> [Exercise details]
From the line containing "L'amour, le chien" to the line containing "Eka 18ct White" in the entries below, reproduce every line exactly, ends included. Nothing else belongs in the copy, and no pictures.

(Beginning of Data provided)

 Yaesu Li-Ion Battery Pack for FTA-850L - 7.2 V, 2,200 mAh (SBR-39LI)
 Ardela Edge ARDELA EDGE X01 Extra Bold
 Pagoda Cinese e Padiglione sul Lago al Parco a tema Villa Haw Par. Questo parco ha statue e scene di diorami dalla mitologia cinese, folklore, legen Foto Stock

(End of Data provided)
(Beginning of Data provided)

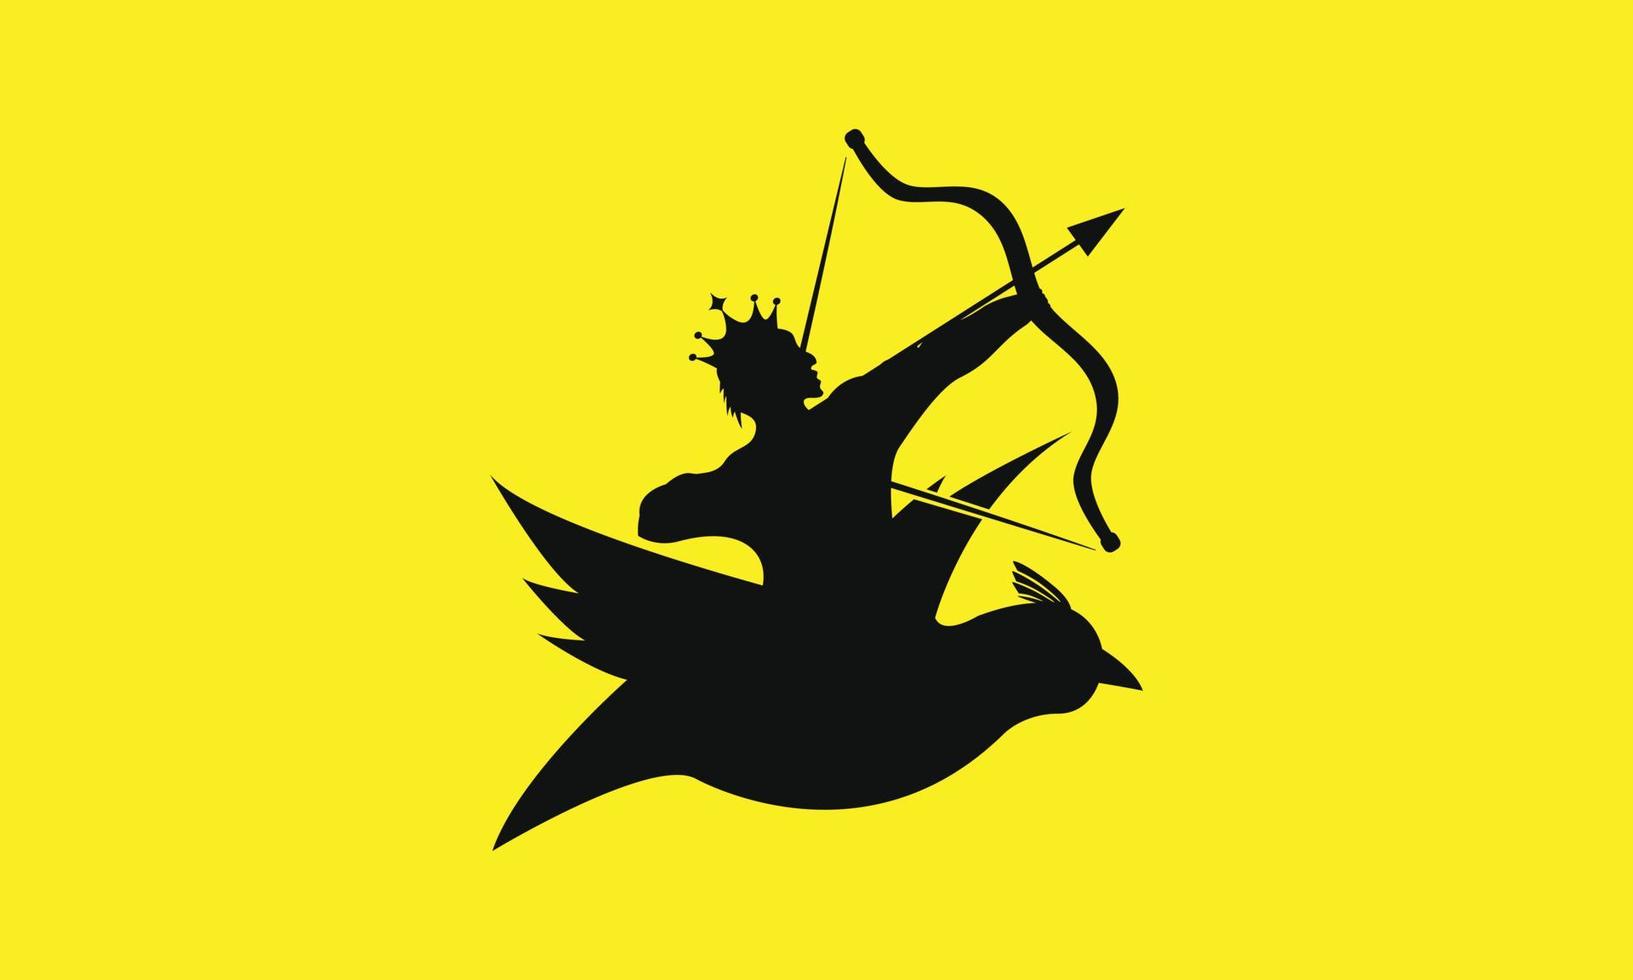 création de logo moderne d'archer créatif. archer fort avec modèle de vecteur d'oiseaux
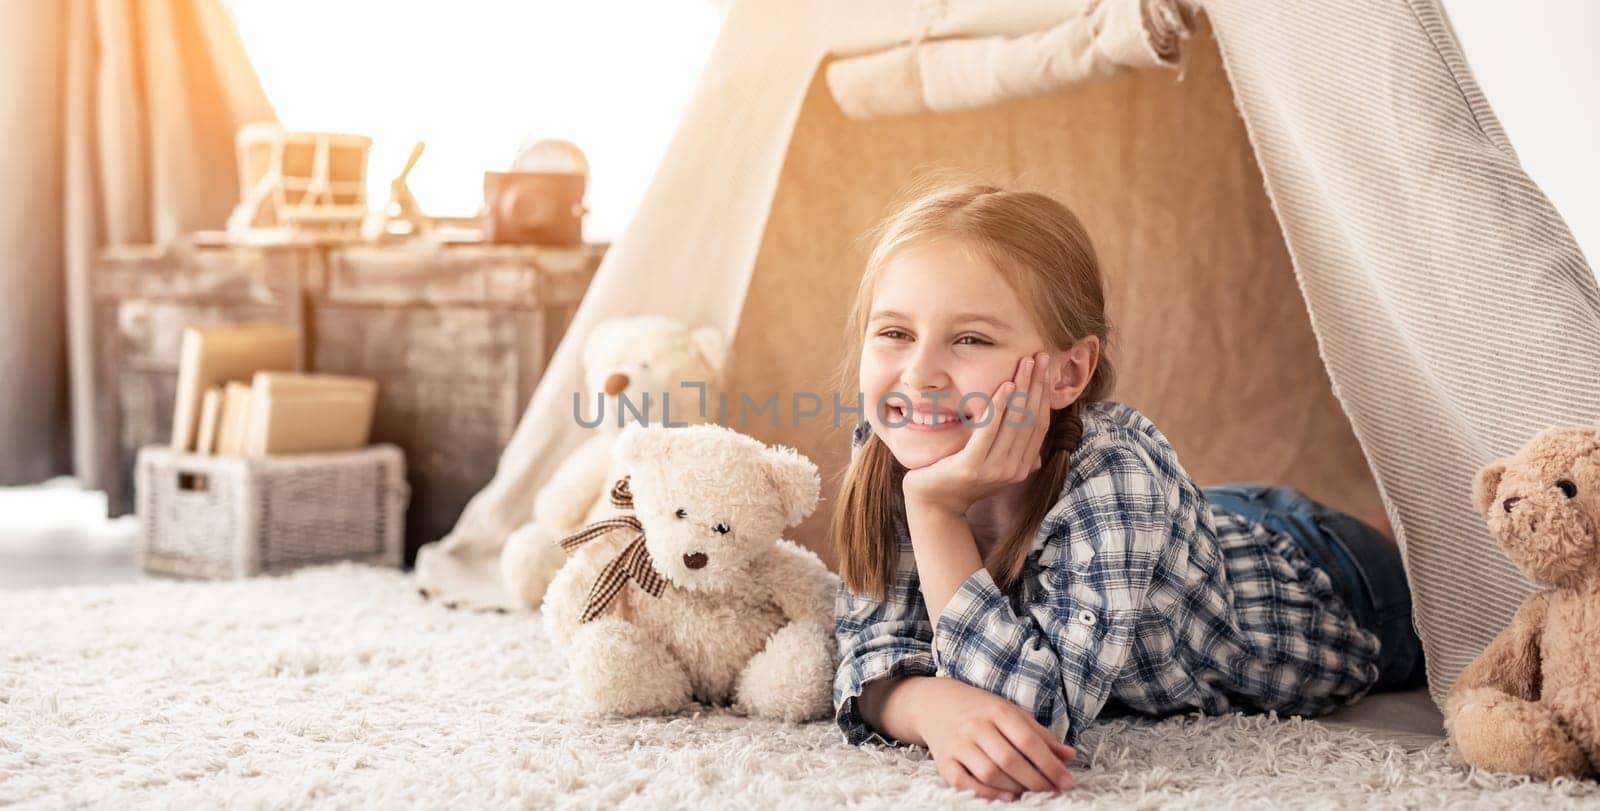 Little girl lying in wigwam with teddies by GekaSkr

(End of Data provided)
(Beginning of Data provided)

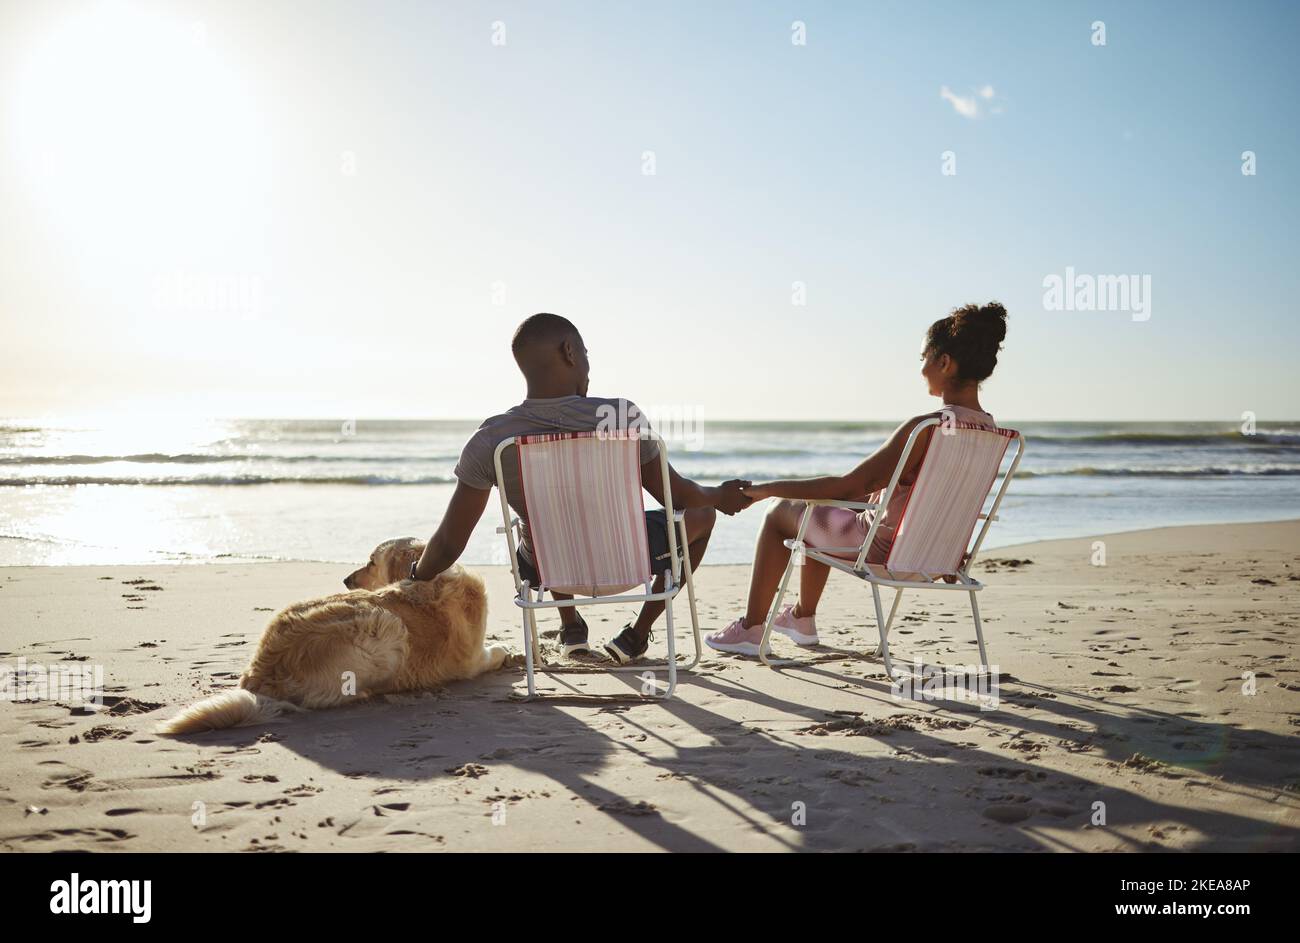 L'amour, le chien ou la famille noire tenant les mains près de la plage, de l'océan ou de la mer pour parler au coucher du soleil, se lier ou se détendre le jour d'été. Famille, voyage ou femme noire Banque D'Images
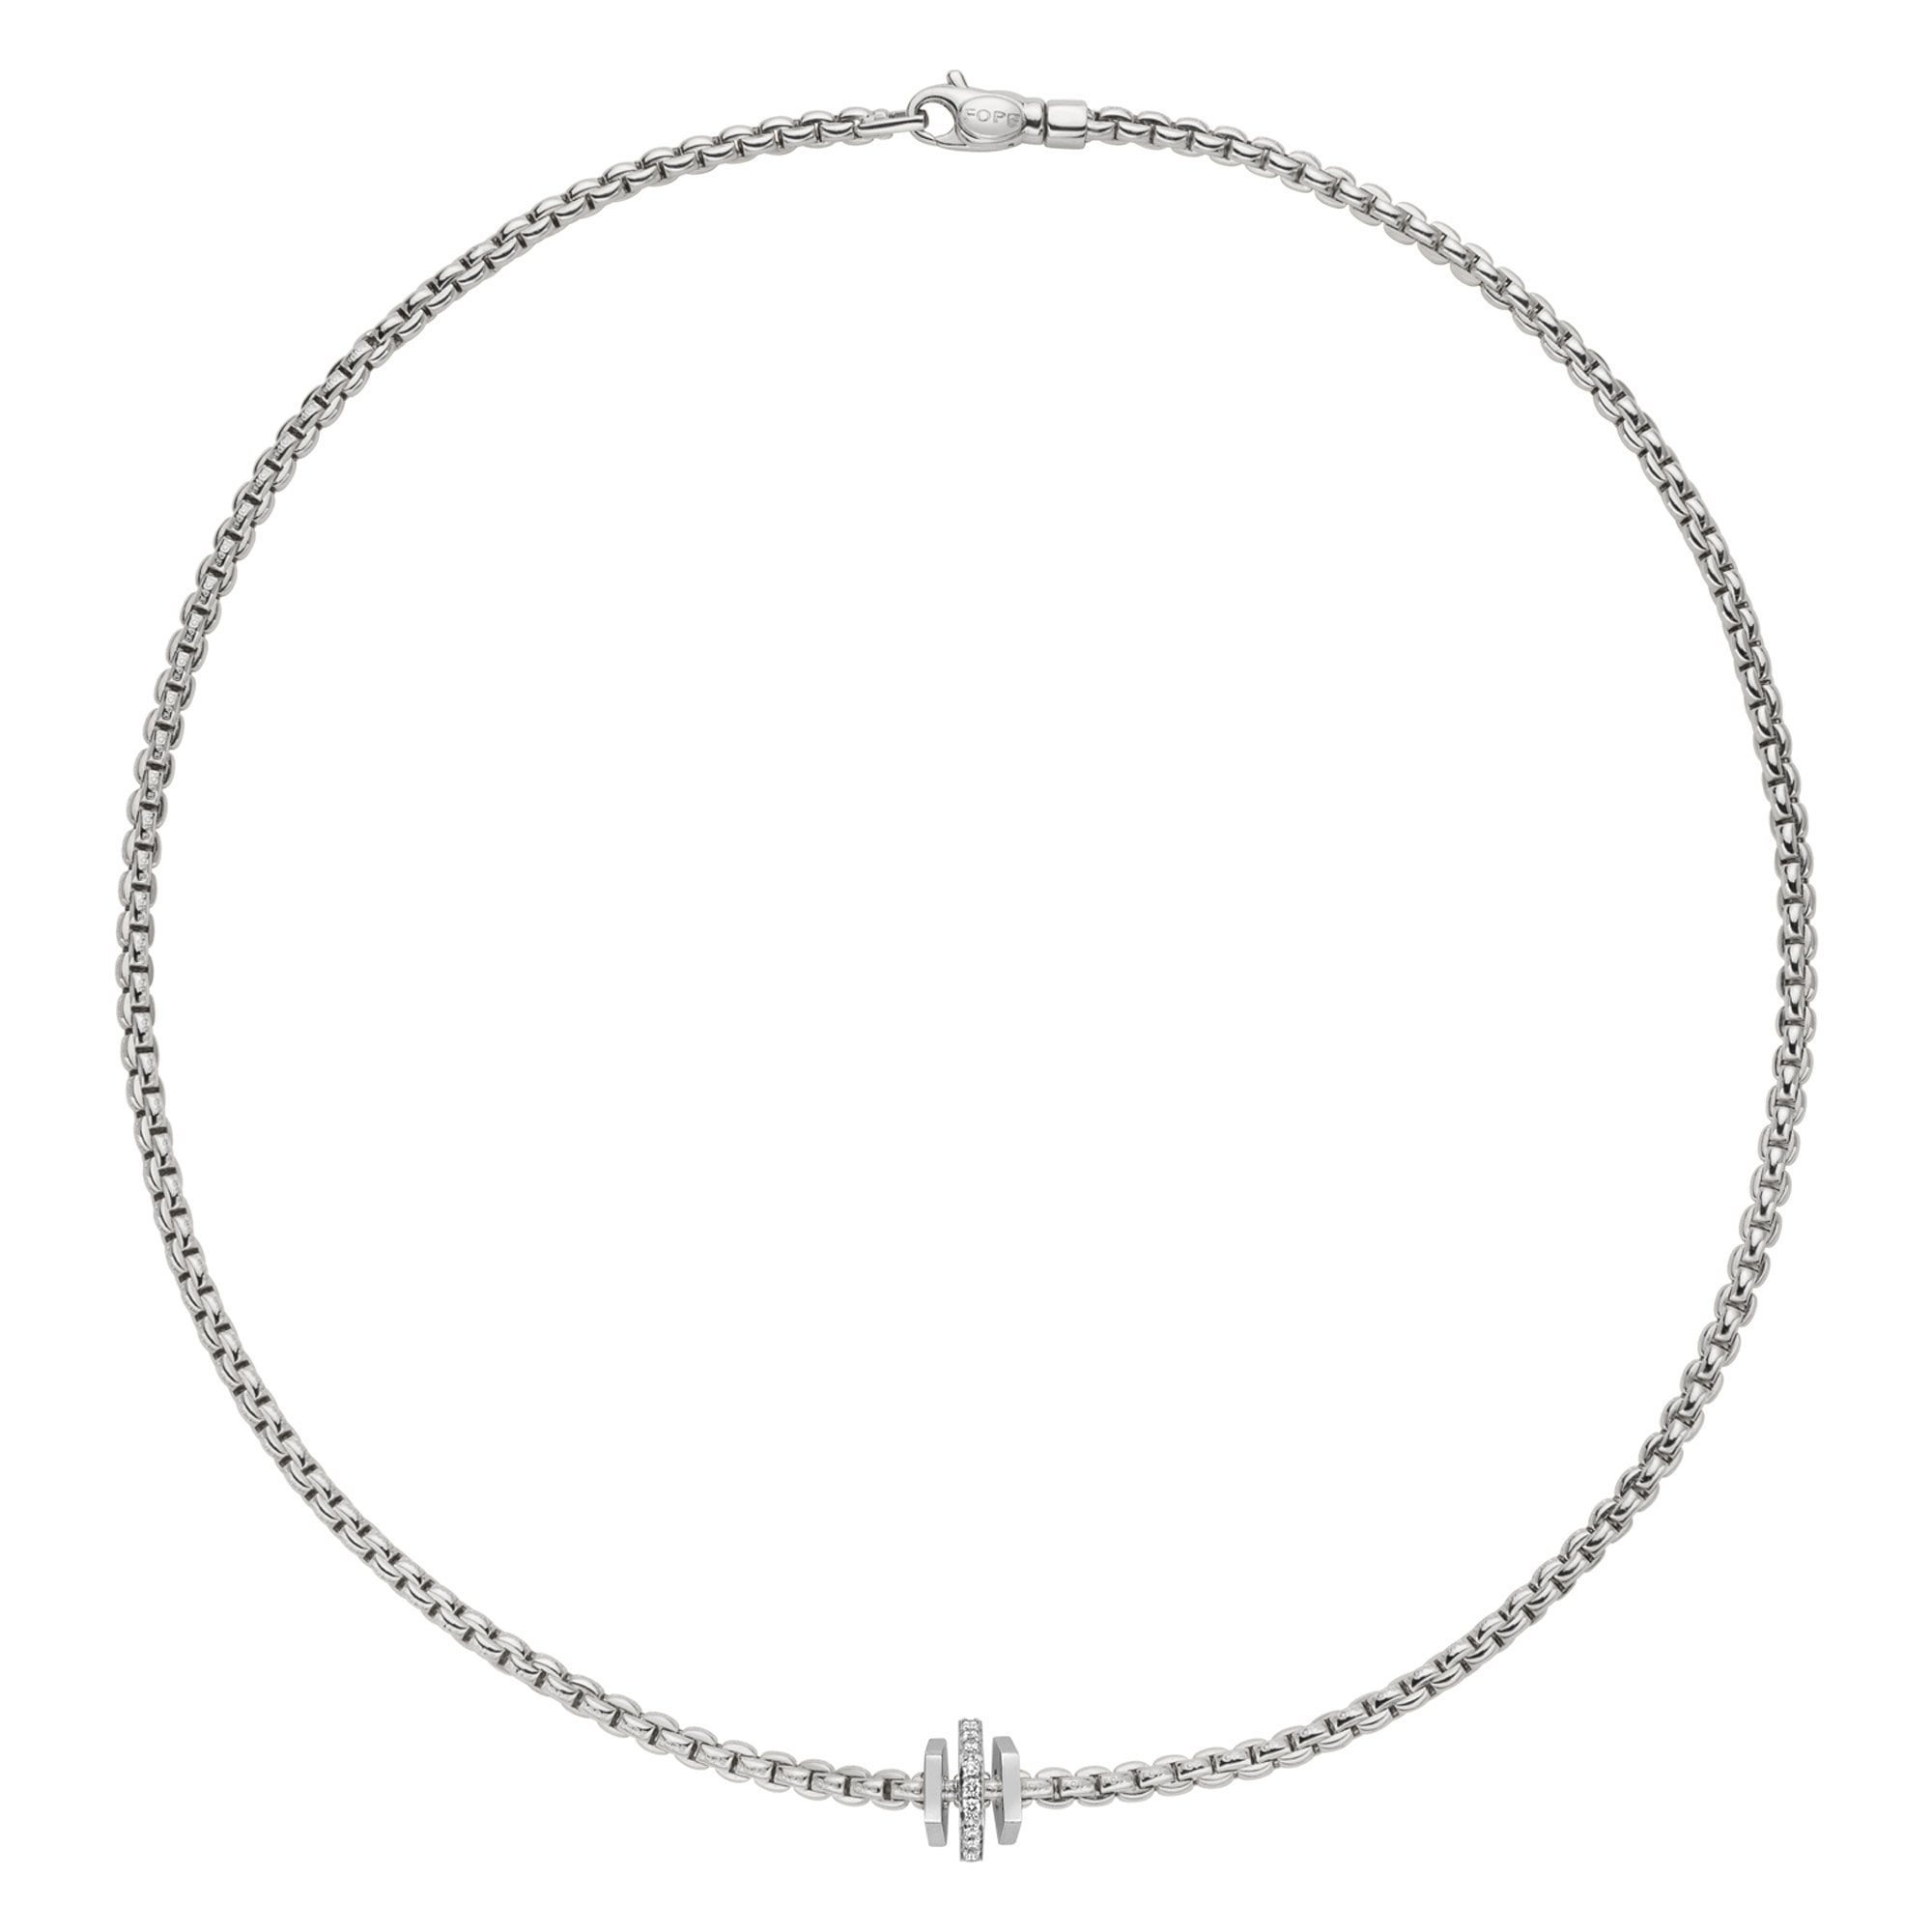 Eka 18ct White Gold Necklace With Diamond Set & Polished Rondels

(End of Data provided)

> [Exercise answer]
 L'amour, le chien ou la famille noire tenant les mains près de la plage, de l'océan ou de la mer pour parler au coucher du soleil, se lier ou se détendre le jour d'été. Famille, voyage ou femme noire Banque D'Images
 Eka 18ct White Gold Necklace With Diamond Set & Polished Rondels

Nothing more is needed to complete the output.